Hempstead Lake State Park: Hempstead Lake State Park Update

APRIL 2020 by Brien Weiner

As of this writing, the NYS Department of Environmental Conservation has not approved permits for tree removal or wetlands work for the Hempstead Lake State Park (HLSP) Project, nor has it responded to SSAS comments. Our comments focused on failure to meet DEC standards for dam repair and on inadequate and corrupted testing for toxins, as well as destruction of habitat in one of only two NYS designated Important Bird Areas in Nassau County. The HLSP Project has the potential to cause dam failure, catastrophic flooding, and watershed contamination -- consequences that are beyond irony for a coastal resiliency project funded with a Sandy recovery grant. They reflect the tragedy of a systemic failure of our environmental laws.

Indeed, to make a bad situation worse, on March 26, the US Environmental Protection Agency (EPA) issued a sweeping relaxation of environmental rules in response to the coronavirus pandemic. The EPA stated, “In general, the EPA does not expect to seek penalties for violations of routine compliance monitoring, integrity testing, sampling, laboratory analysis, training, and reporting or certification obligations in situations where the EPA agrees that COVID-19 was the cause of the noncompliance and the entity provides supporting documentation to the EPA upon request.” This is in addition to rolling back the Clear Air and Clean Water Acts, the National Environmental Protection Act, the Migratory Bird Treaty Act and many other environmental laws -- rollbacks that preceded the coronavirus pandemic.

There will be health and economic consequences stemming from environmental degradation that will persist long past the pandemic, even if rules are restored. Inaction on the environment has filtered down to all levels of government as state environmental legislation and budget funding are stalled and even local recycling programs are suspended. And paradoxically, our open space is more precious to us than ever as we practice social distancing. We need it for our physical and mental health, for exercise and relief from anxiety.
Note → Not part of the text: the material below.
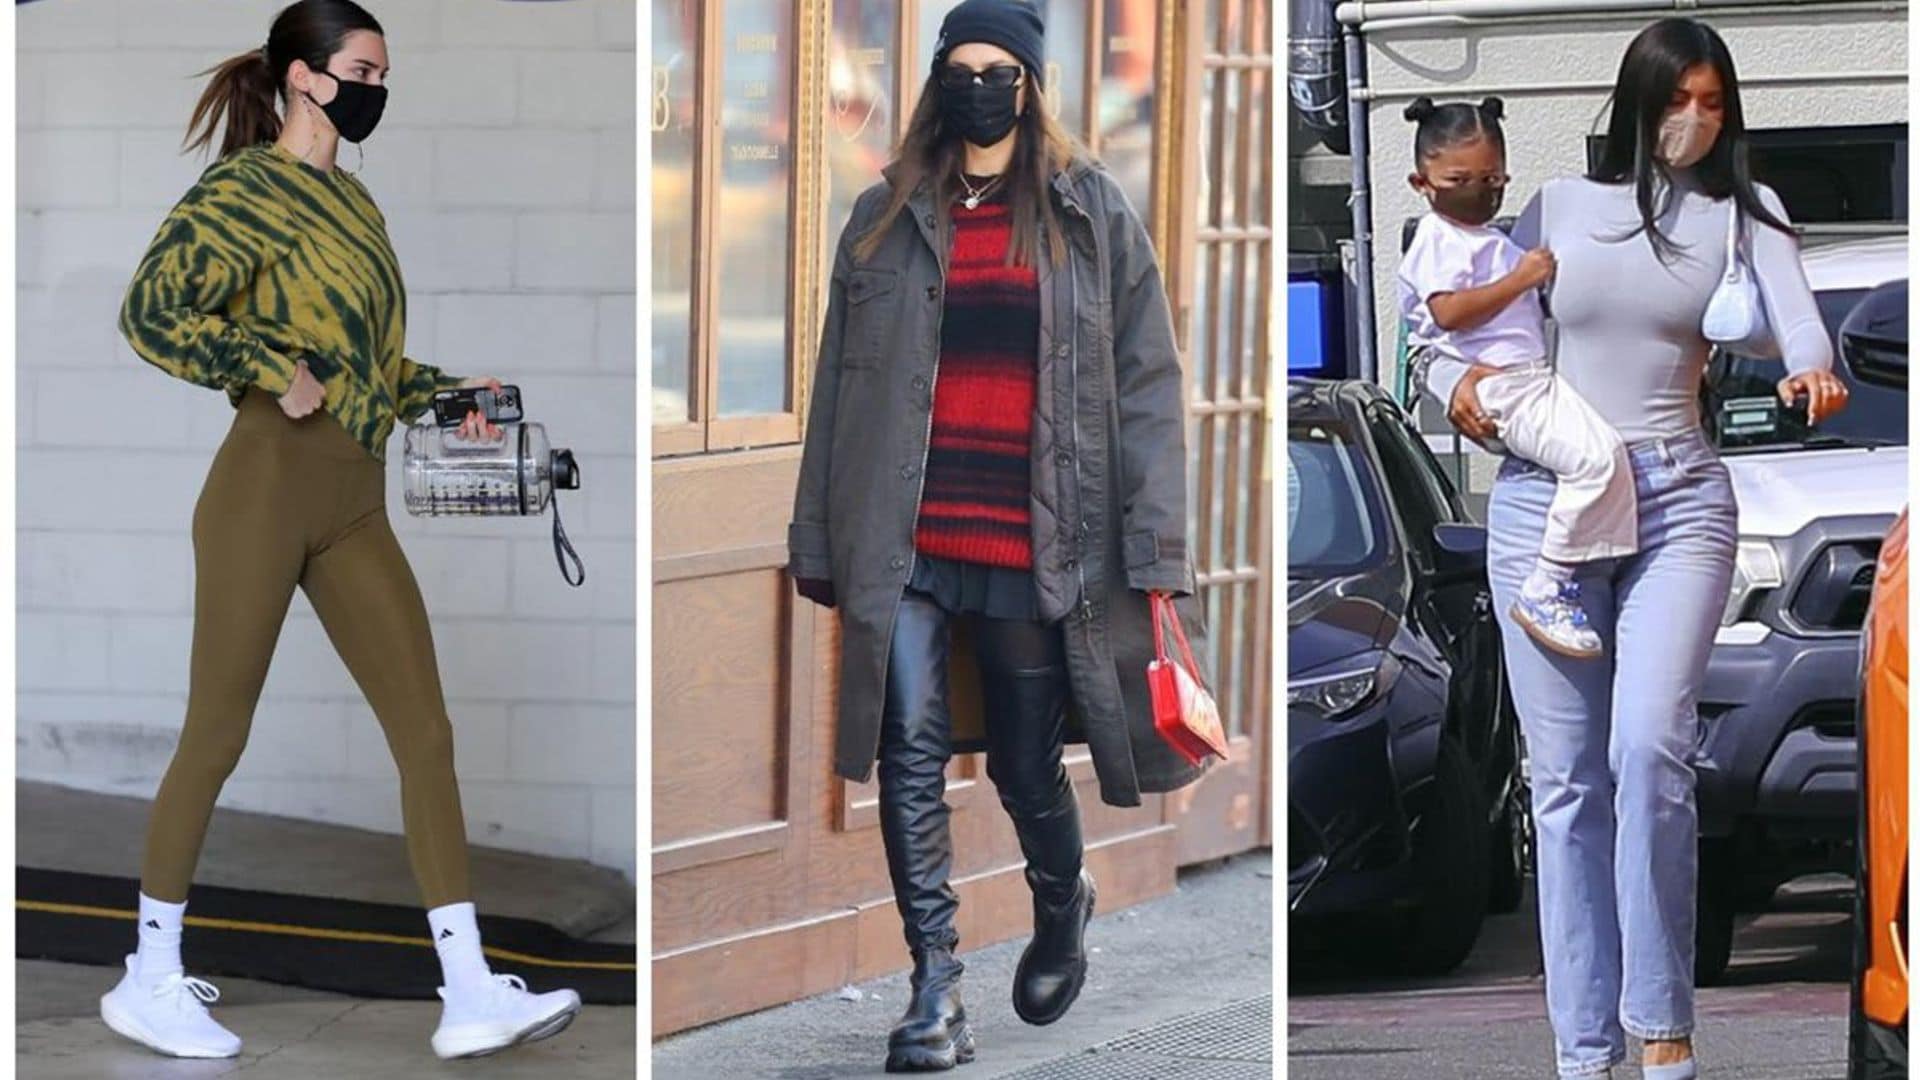 The top 10 celebrity style looks of the week - March 8

HLSP hangs in precarious balance as an oasis of green in a suburban sea of gray, for both people and wildlife. Its trees anchor a complex ecosystem, an example of which was provided by longtime SSAS member John Holly in a letter to Governor Cuomo: "Picture how you would feel if your Grandchild were bit- ten by a rodent while playing in the Park. This scenario is a possibility in Hempstead Lake State Park. Natural predators like Hawks and Owls keep areas, like our parks, free from rats that gravitate to poison-free spots like trash containers near playgrounds. The State has scheduled the cutting of hundreds of trees in Hempstead Lake State Park, habitat of Great Horned Owls. If the trees go, so will the Owls, leaving the rats to proliferate. There is no environmental reason to cut down these trees. Not only are the trees habitat to Owls and Hawks and Songbirds, but trees are essential to our air quality."

Although SSAS can provide comments on deficiencies in the Environmental Assessment of the HLSP Project, we need grass roots action to move our leaders. We need to let them know what HLSP means to us in this time of social distancing and to the many migratory and nesting birds that are about to fill the park. We need to tell them that the trees attract birds and birders and other nature lovers who will provide a much-needed boost to the local economy in the aftermath of COVID-19. Remind them of all the birders, photographers, and residents who travelled to HLSP last year to watch the heartwarming and almost heartbreaking drama of our nesting Great Horned Owls. Our owlets, who were injured when they fell out of their nest, were saved because people knew when to step in and when to step back -- people in harmony with nature.

So with thanks to John, we can follow his lead and write to or call Governor Cuomo, State Senator and Environmental and Conservation Committee Chair Todd Kaminsky, whose district includes HLSP, and other local officials. We can write letters to the editors of our local newspapers. The Governor’s Office of Storm Recovery cancelled a March 30 meeting with the project’s Citizens Advisory Committee and declined to hold the meeting online, but they stated that work on the HLSP Project continues. Ignoring public input and bulldozing their way forward predates COVID-19.

Our health and our families are our priorities, and our environment is essential to both. We’re in this together and we need to make our voices heard.